In the past the strength of both religious Judaism and cultural
Judaism in Europe was a common factor that helped to unite America and
Israel. Now that the Judaism of Eastern Europe, with its ancient
tradition of culture and its deep religious life, has been destroyed,
America and Israel will have to find a closer and more direct bond of
union. Justice Brandeis, speaking some years before the European
catastrophe -- I think in 1915 -- suggested that the problem could be
solved on exactly the same lines as those followed by the other national
groups in the United states, since the relation of American Jewry to the
future state in Palestine would be "exactly the same as is the relation of
people of other nationalities all the world over to their parent home."

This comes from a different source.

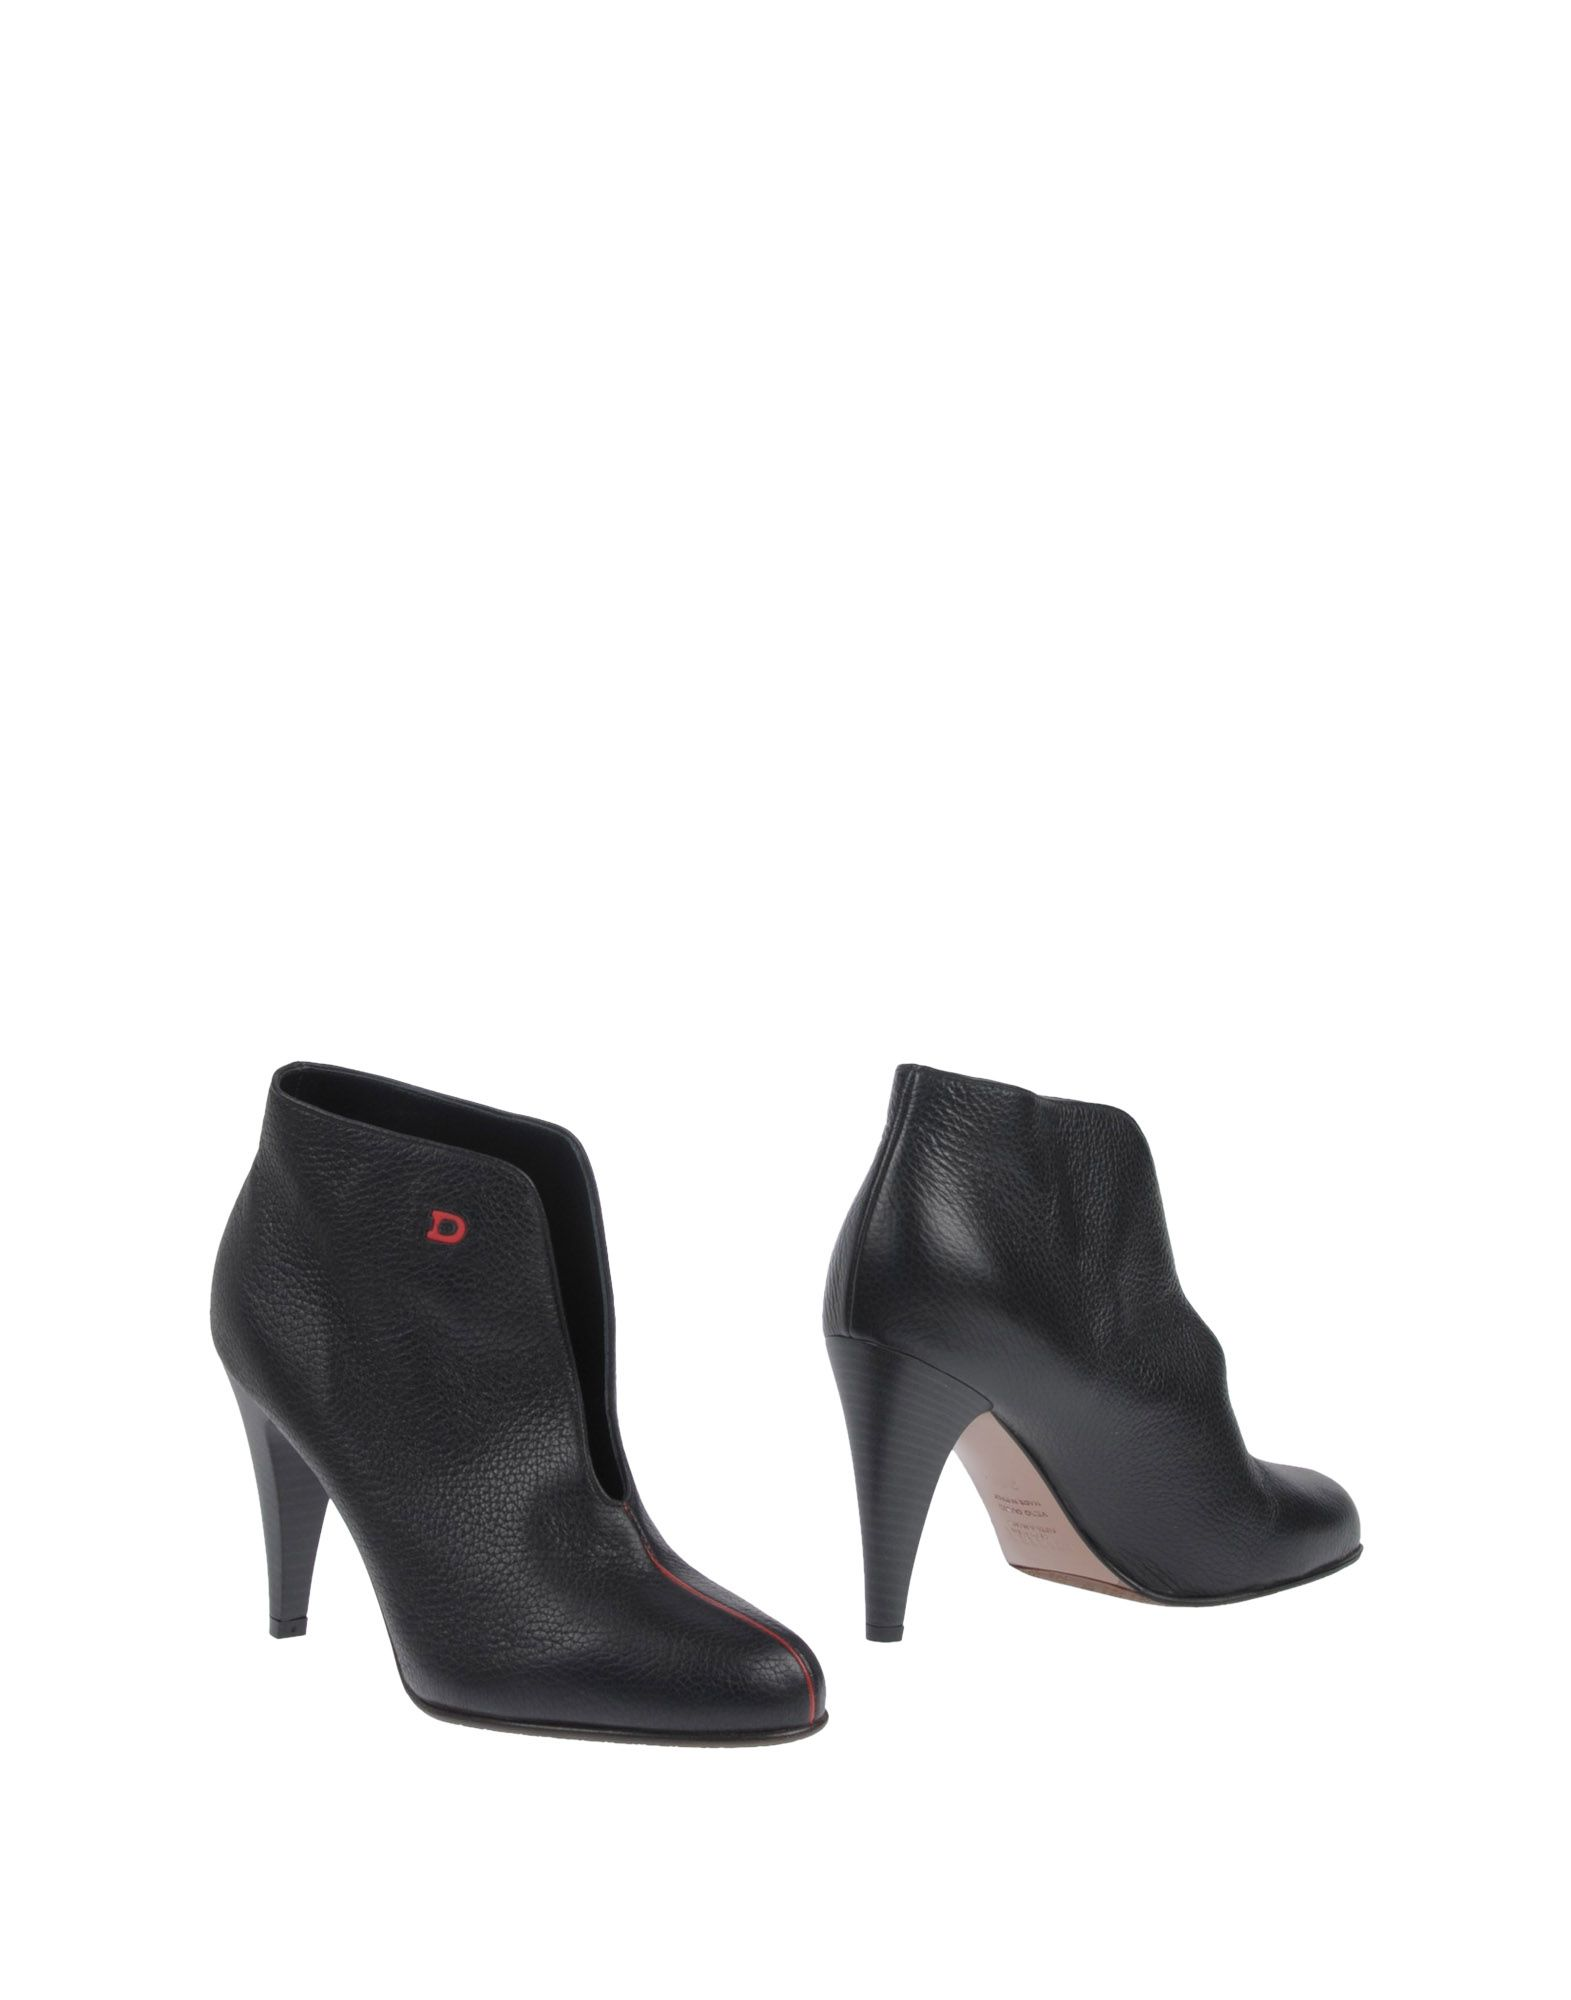 Dibrera By Paolo Zanoli Stiefelette Damen  11445536RJGut aussehende strapazierfähige Schuhe

But it is obvious today that the relation of Israel to the Dispersion must
be entirely different from the relations of Portugal to Brazil or of the
Irish Free State to the Irish of the United States. Whatever view we take
of Zionism, we can hardly deny that Jewish history transcends politics and
that the Jewishpeople still has, as it always has had, a world mission.
That is the one point on which the cultural Zionists like the late Asher
Ginsberg and the religious Zionists like the Misrachi are agreed; even the
political Zionists themselves do not altogether deny it. For it is
obvious that if Zionism is conceived in terms of a purely political
nationalism, it can no longer claim to represent the whole Jewish
tradition and becomes merely a new and more sophisticated form of
assimilationism.
Hitherto, throughout the successive ages of Jewish history Israel
has held fast to this idea of universal mission: it has served as a
unifying factor through the vicissitudes of centuries and in all the
different forms of Jewish culture. The present generation may not easily
see what expression it will find in the future under the altered
conditions of the new age. But it has not been brought to an end by the
creation of the political state of Israel. Somehow, it still has to be
fulfilled, and Israel and America -- or American Jewry -- each have to
make their contribution to it.
Lecture at Brandeis University, 1959, published in "Orbis" magazine
Winter, 1967. Reprinted with permission.